Design Of lib/System
====================

The software in this directory is designed to completely shield LLVM from any
and all operating system specific functionality. It is not intended to be a
complete operating system wrapper (such as ACE), but only to provide the
functionality necessary to support LLVM.

The software located here, of necessity, has very specific and stringent design
rules. Violation of these rules means that cracks in the shield could form and
the primary goal of the library is defeated. By consistently using this library,
LLVM becomes more easily ported to new platforms since the only thing requiring
porting is this library.

Complete documentation for the library can be found in the file:
  llvm/docs/SystemLibrary.html
or at this URL:
  http://llvm.org/docs/SystemLibrary.html

While we recommend that you read the more detailed documentation, for the
impatient, here's a high level summary of the library's requirements.
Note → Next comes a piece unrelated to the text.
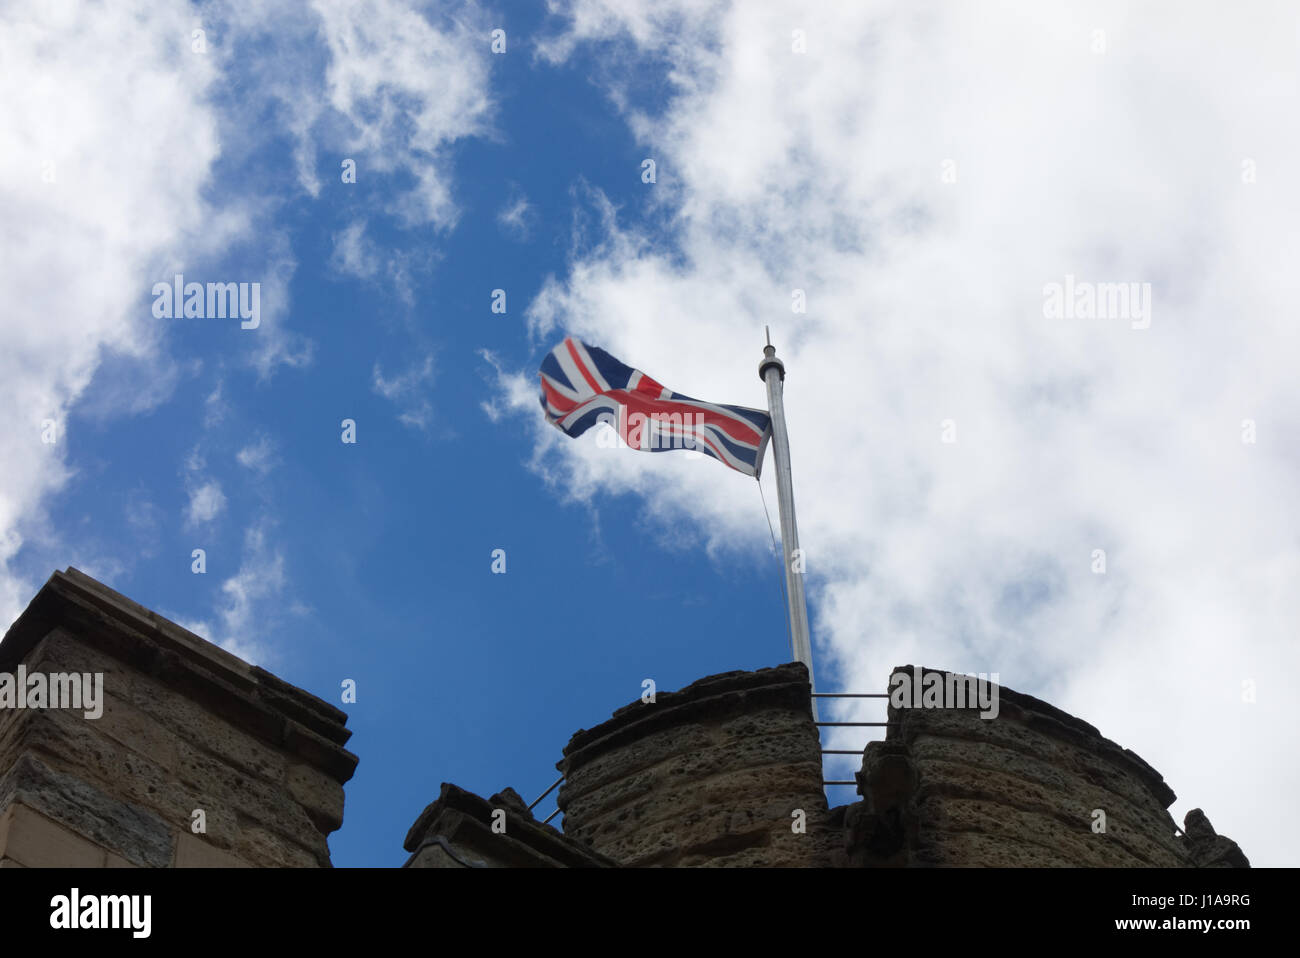 Lincoln Castle Union Flag waving - Stock Image

 1. No system header files are to be exposed through the interface.
 2. Std C++ and Std C header files are okay to be exposed through the interface.
 3. No exposed system-specific functions.
 4. No exposed system-specific data.
 5. Data in lib/System classes must use only simple C++ intrinsic types.
 6. Errors are handled by returning "true" and setting an optional std::string
 7. Library must not throw any exceptions, period.
 8. Interface functions must not have throw() specifications.
 9. No duplicate function impementations are permitted within an operating
    system class.

To accomplish these requirements, the library has numerous design criteria that
must be satisfied. Here's a high level summary of the library's design criteria:

 1. No unused functionality (only what LLVM needs)
 2. High-Level Interfaces
 3. Use Opaque Classes
 4. Common Implementations
 5. Multiple Implementations
 6. Minimize Memory Allocation
 7. No Virtual Methods